We saw someones awning go over the top, not really very windy, but it was strapped down an all!!! Our neighbours who happened to live near this couple actually managed to get it in there van and take it home, as they (damaged awning) still had two weeks to go! 
My question is? How come tuggers awnings don't go awol, is it because they are fitted all round the van? We had our safari room up, then we were up at 5 am, not cos we thought we might lose it! but it was squeaking, still saying that, we were a bit concerned, so come on peeps, how come you don't hear of tuggers losing their bits on the side? :roll:


----------



## 88790 (May 9, 2005)

I never lost am awning when it was up, due no doubt to the fact that the wind can not get underneath it.

But had a couple of scary moments putting them up including one on the top of the van.

This thread has at least convinced me not to get a Fiamma or Omnistor awning, thanks for sharing yoour experiences.

Many thanks,

John


----------



## 90618 (May 1, 2005)

*awning straps*

 Thank goodness I have just read this page, we have always put out awning gizmo over the canvas and been worried that it would cause the canvas to stretch, so we haven't used the awning when its been a bit windy so we did'nt have to use the strap,   now I know it goes under the canvas and across the metal supports I will use it more often.


----------



## 90473 (May 1, 2005)

Interesting to say the least. Don't know whether luck enters into it or not but during our recent month in France (from Alps, Ardeche and Burgundy regions) we didn't experience any problems with our Fiamma 'roll out'. At various times we used the canopy by itself and with a safari room attached.

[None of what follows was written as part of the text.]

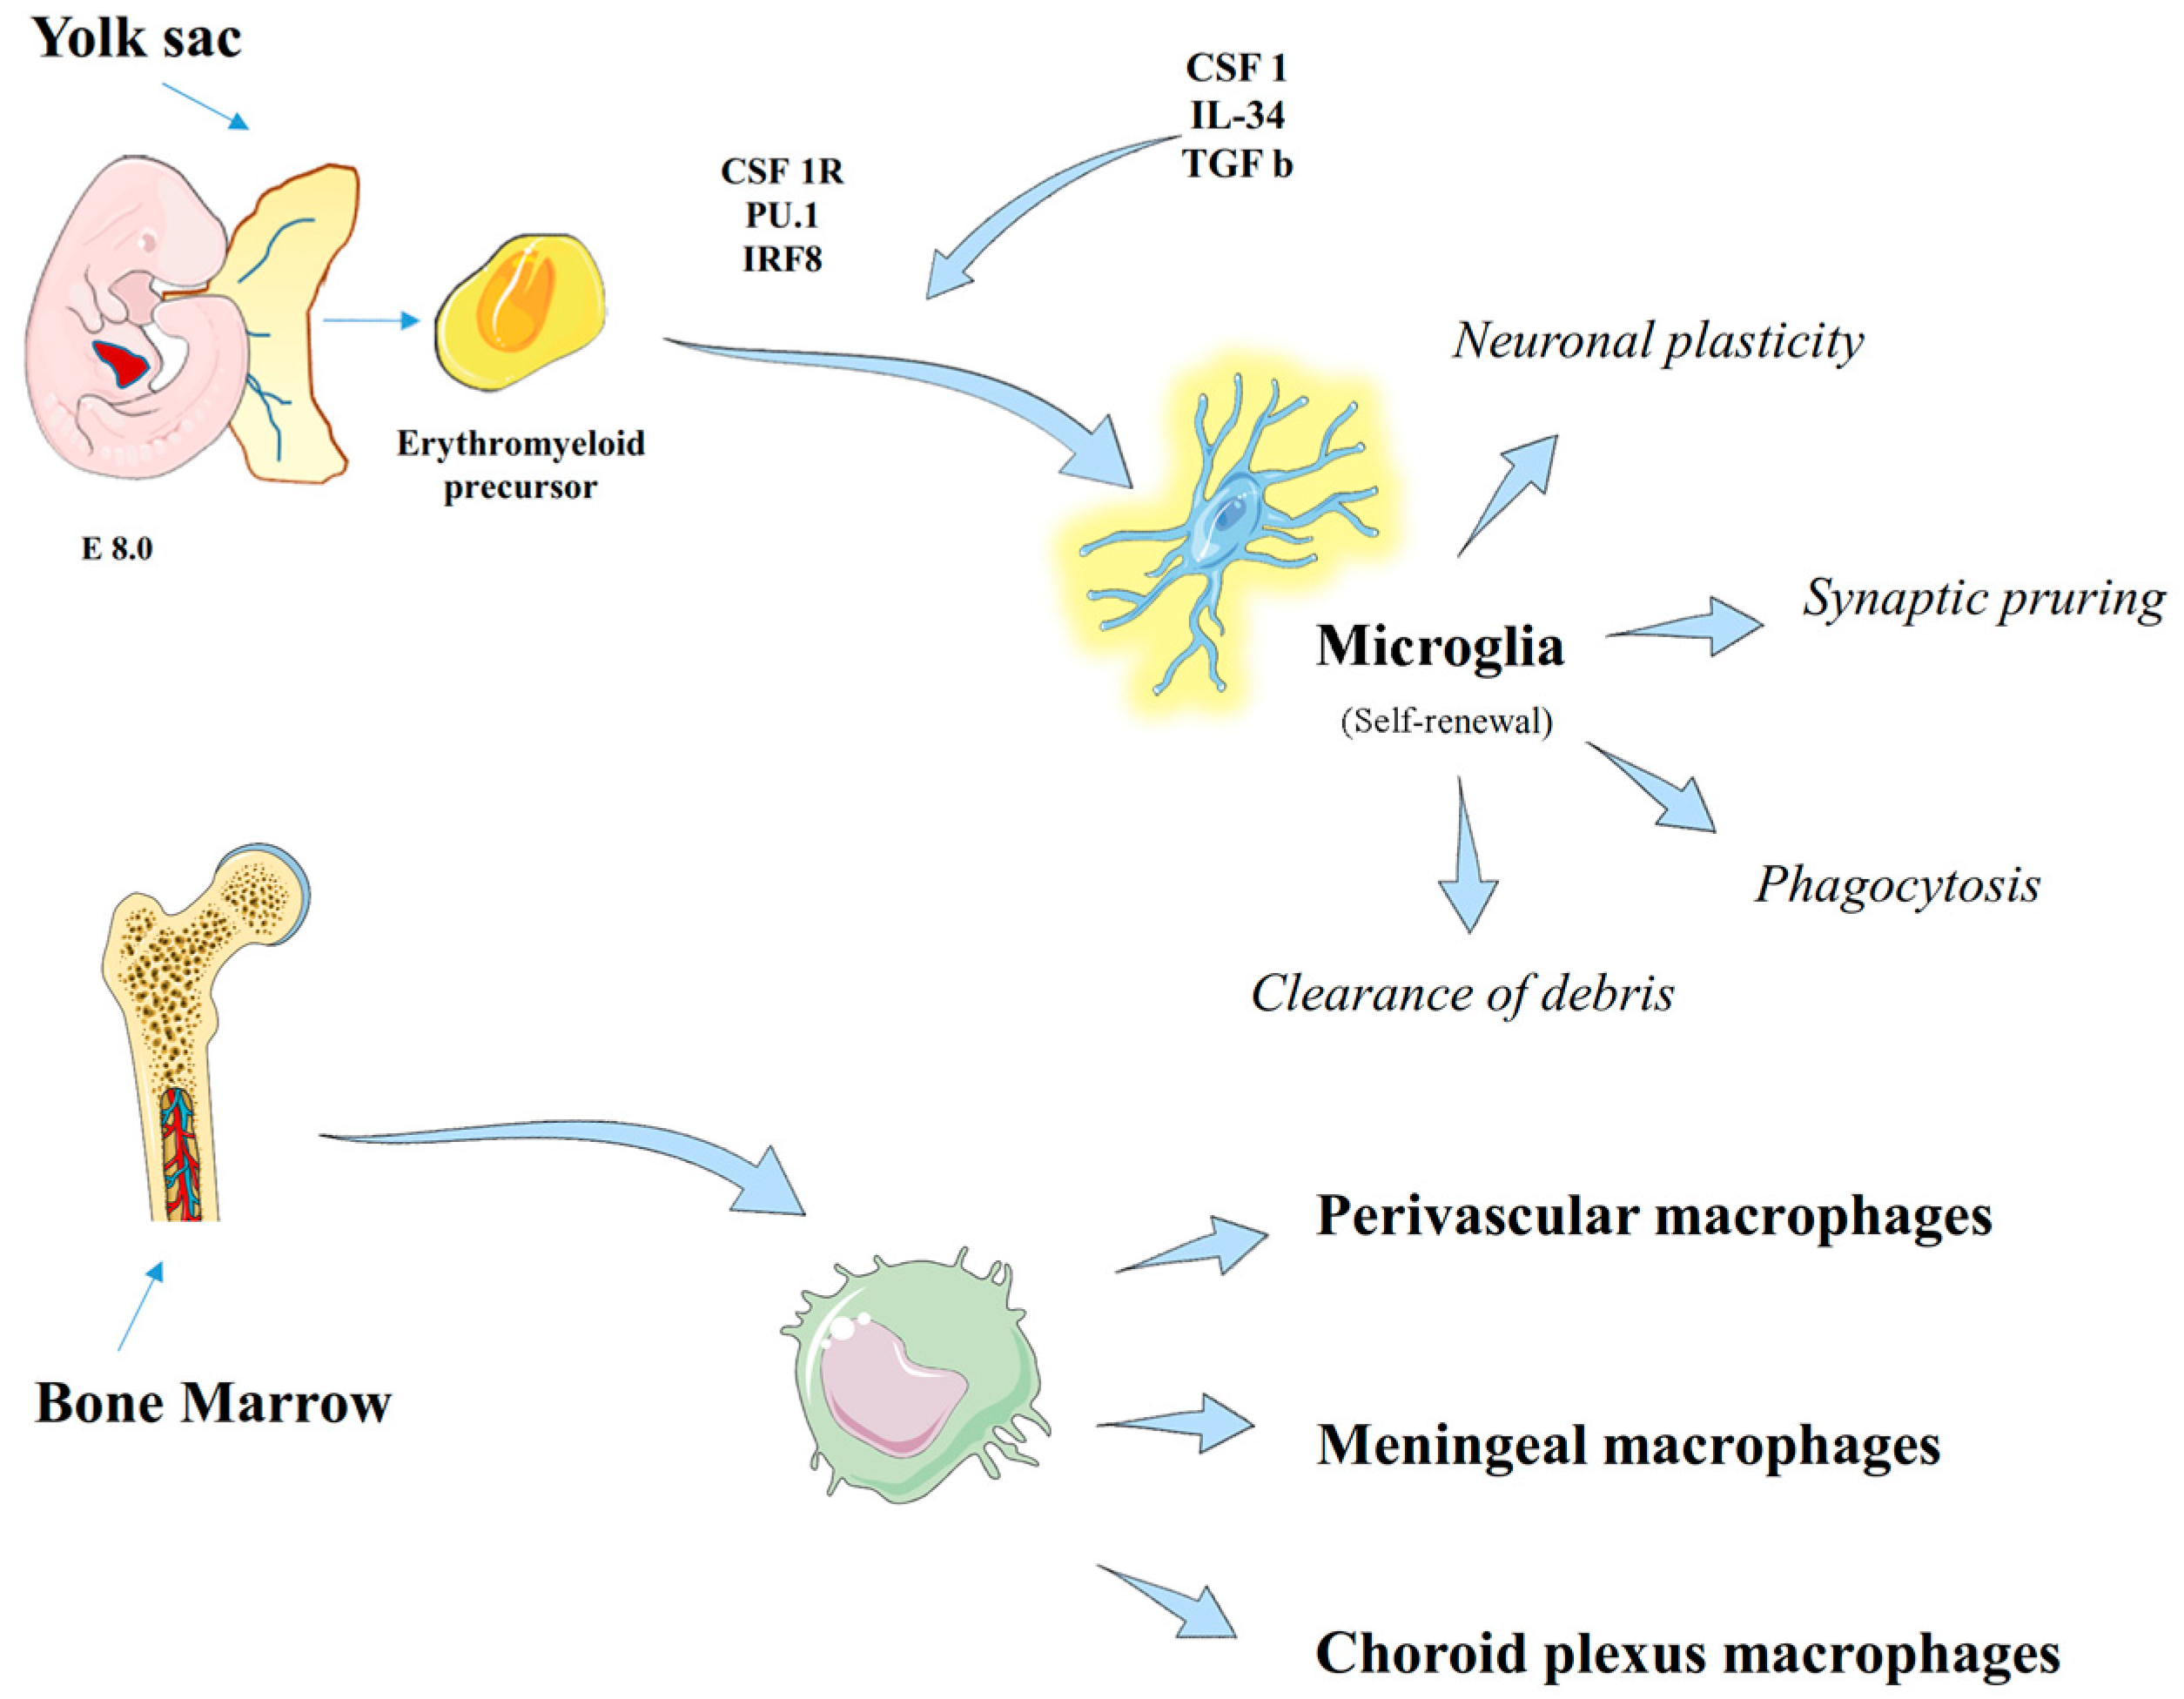 IJMS | Free Full-Text | The Role of Macrophages in Neuroinflammatory and  Neurodegenerative Pathways of Alzheimer's Disease, Amyotrophic Lateral  Sclerosis, and Multiple Sclerosis: Pathogenetic Cellular Effectors and  Potential Therapeutic Targets | HTML

There were one or two heavy (French style) rainstorms but a slight slant cured the run off. The wind didn't seem to affect it and I used a couple of pegs at each swivel foot + a central tensioning pole.

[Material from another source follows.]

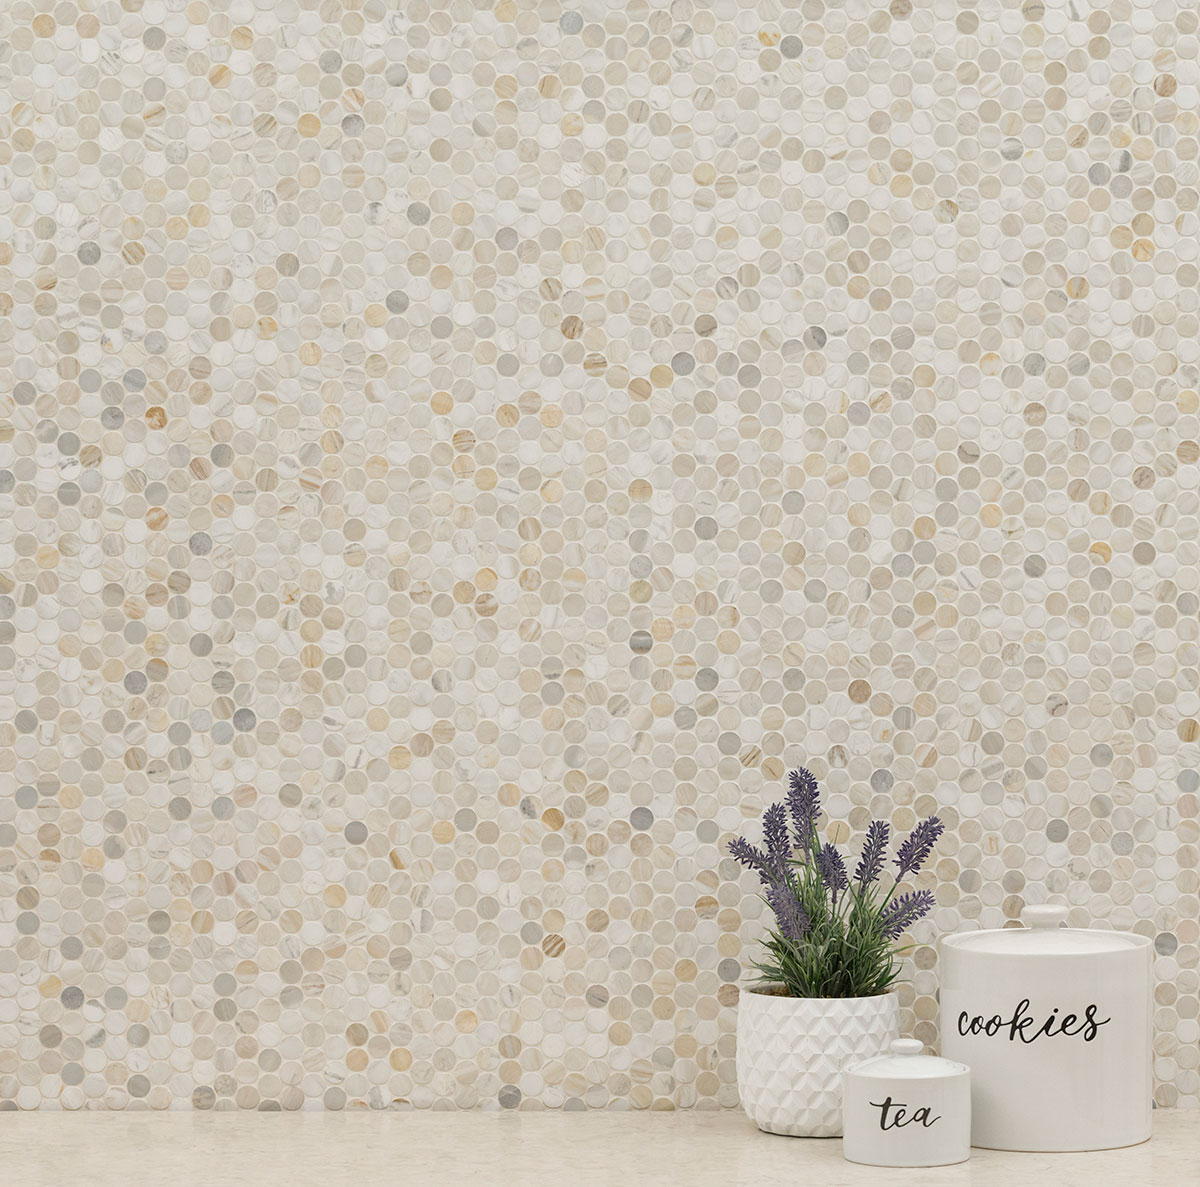 Athena Gold Pennyround Tile wall in kitchen

All in all I'd have no hesitation fitting another. The benefits far outweigh the minor inconvenience if it was necessary to roll away for shopping trips etc. My next addition will be a tensioning strap for added piece of mind.

Just a final note. I have been there with a caravan at 4am when it took at least 3 people at a time to get awnings down after a freak storm hit the n. west coast of Donegal. Not fun at all, but such a heartwarming sense of togetherness


----------



## 90374 (May 1, 2005)

We always use the strap and pegs through the support arms, never had any great problems even when the privacy panels are fitted.

Pete


----------



## spykal (May 9, 2005)

Hi

My van had an Omnistore awning on it when I bought it but I have noticed that the Omnistore canopies like mine are much sturdier material and when the roller is backed off the material stays much tighter than a Fiamma, no need for a center stretcher pole. 

I use the van mounted clips for the legs when its raining and I just want to put the awning out a bit to form a porch.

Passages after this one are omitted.